Cluster 0 averages 14.5 likes
Cluster 1 averages 7.33 likes
Cluster 2 averages 10.38 likes
Cluster 3 averages 344.0 likes
Cluster 4 averages 344.0 likes
Cluster 5 averages 382.0 likes
Cluster 6 averages 150.67 likes
Cluster 7 averages 171.0 likes
Cluster 8 averages 6.75 likes
Cluster 9 averages 150.67 likes


---

## Results

Compiling the data across all 3 cities and implementing a k-means model based on location and score, we are able to identify clusters of venues.  Reminder, our venues are pre-filtered to show query results for "Vietnamese" based on the Foursquare API request's response.  

We targeted 10 clusters and results shows tier 1 clusters (3, 4, 5), tier 2 (6, 7, 9), and tier 3 (0, 1, 2, 8).  We want to be in proximity to well liked venues, so lets examine what the tier 1 and tier 2 clusters look like.
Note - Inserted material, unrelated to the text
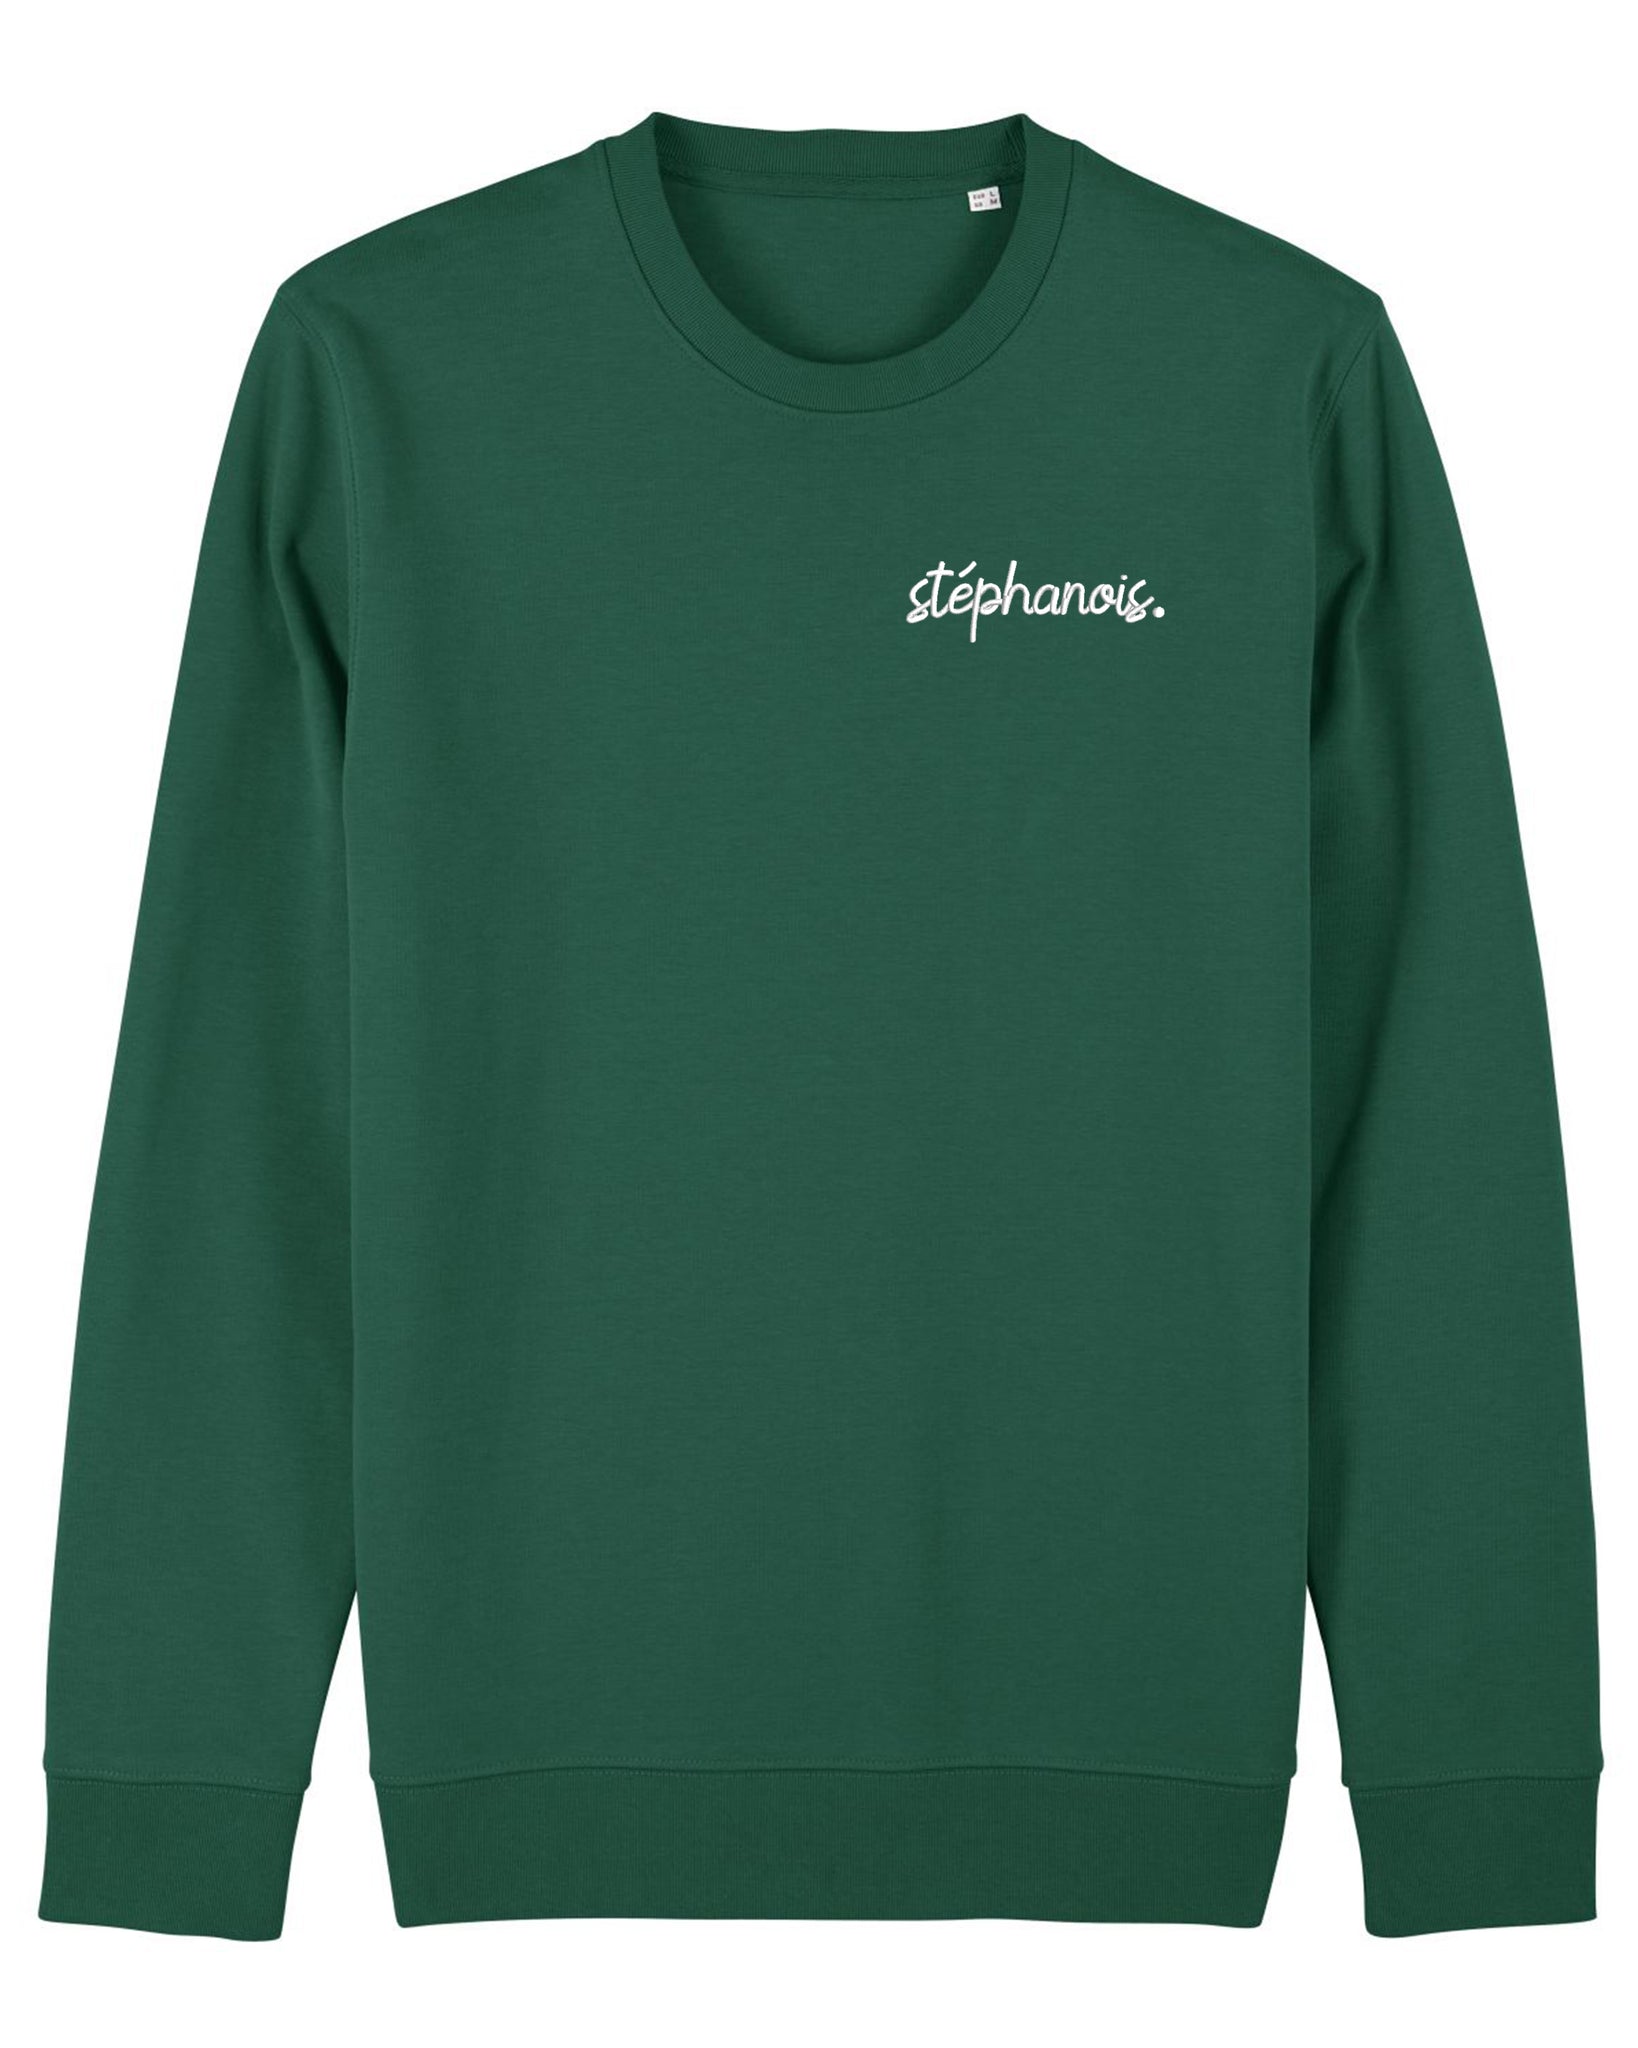 Embroidered Stéphanois sweatshirt

| cluster | city    | likes  |  tier |   |
|---------|---------|--------|-------|---|
| 0       | Houston | 14.5   |  3    |   |
| 1       | Austin  | 7.33   |  3    |   |
| 2       | Dallas  | 10.38  |  3    |   |
| 3       | Houston | 344.0  |  1    |   |
| 4       | Dallas  | 344.0  |  1    |   |
| 5       | Austin  | 382.0  |  1    |   |
| 6       | Houston | 150.67 |  2    |   |
| 7       | Austin  | 171.0  |  2    |   |
| 8       | Dallas  | 6.75   |  3    |   |
| 9       | Dallas  | 150.67 |  2    |   |
|         |         |        |       |   |

- Cluster 3 in Houston is close together and in a central location.
- Cluster 4 in Dallas is very spread out.
- Cluster 5 in Austin is only a single restaurant.

- Cluster 6 in Houston is spread out.
- Cluster 7 in Austin is only a single restaurant.
- Cluster 9 in Dallas is pretty close together.

**Cluster 3 in Houston** appears to be our best choice.


---

## Discussion

It's noticeable that using 'Likes' as a primary score isn't sufficient because many venues have scores <2 while the maximums in our case near 400.  Normalizing these values renders the low like counts indistinguishable.  Using proximity across 3 cities also should probably be broken up.  Proximity may have been over weighted as a feature since there are natural large differences across the cities.  Our initial query with Foursquare's /search endpoint may have turned up more results if we used a more general term such as "Asian".  More data/venues would help our model, especially if we split it into 3 different cities and then recompiled the cluster results together.

---

## Conclusion

We have shown that Foursquares data across 3 major Texas cities can help cluster and identify areas of each city to build a restaurant in.  More venue data per city would be preferable if we were to run this experiment again.  More features defined by the client would also help differentiate clusters.

For our case, we have decided to build in the downtown area of Houston, TX.